= Banal Story =

Short story by Ernest Hemingway

"Banal Story" is a short parody written by Ernest Hemingway which appeared in the spring/summer 1926 issue of The Little Review. and the following year (with slight modifications) in the collection Men Without Women.

==Plot summary==
It depicts a character reading The Forum. The beginning of the story contains a series of hypothetical questions from the fictional copy of The Forum the character is depicted as reading. The story ends with Hemingway describing the death of a famous bullfighter named Manuel Garcia Maera (1896-1924), in Triana, Seville and its aftermath.

==Analysis==
Phillip Yannella and Wayne Kvam wrote articles on "Banal Story", in the Fitzgerald/Hemingway Annual and subsequently a chapter on the story appeared in Paul Smith's A Reader's Guide to the Short Stories of Ernest Hemingway, then George Monteiro's wrote an article: "The Writer on Vocation: Hemingway's "Banal Story'". The four sources form the story's current critical foundations. They establish the parallels between the stories in The Forum magazine and the death of "Maera", and offer detailed interpretations of the story as a parable and self-reflexive study of writing.

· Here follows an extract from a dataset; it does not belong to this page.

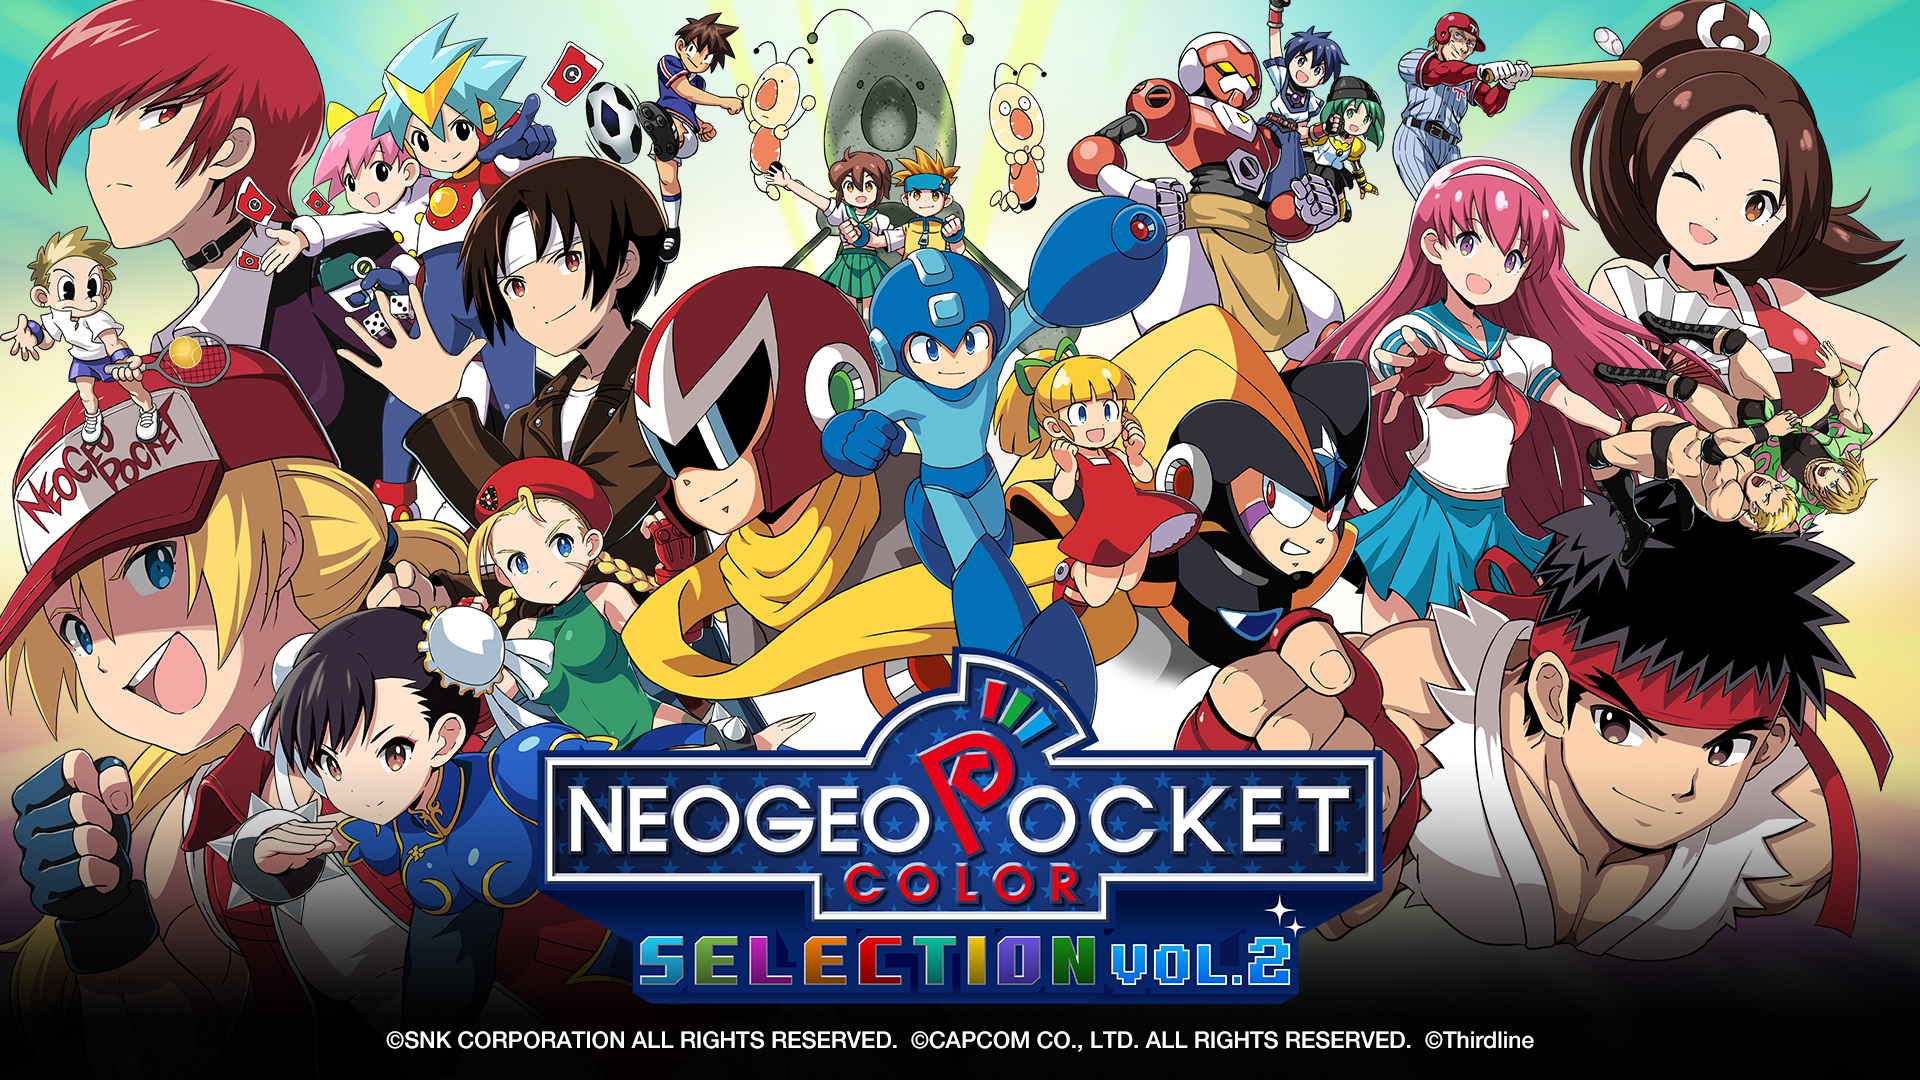 NEOGEO Pocket Color Selection Vol. 2 launches in November

Susan Beegel worries that "Banal Story" will continue to be "neglected because it depends on readers' understanding numerous allusions to The Forum".

Critics question why the two contrasting parts exist in the story and how they relate or diverge from one to the other. Quimby Melton argues 'that the sections have a mutual purpose and dependence that establish the story's essential statement about the relationship of romance and realism.' As several scholars argue, the struggle between these two issues is an important theme of Hemingway's work. Therefore, for all its stylistic novelty, the theme of "Banal Story" resolutely places it with the concerns of Hemingway's larger body of work.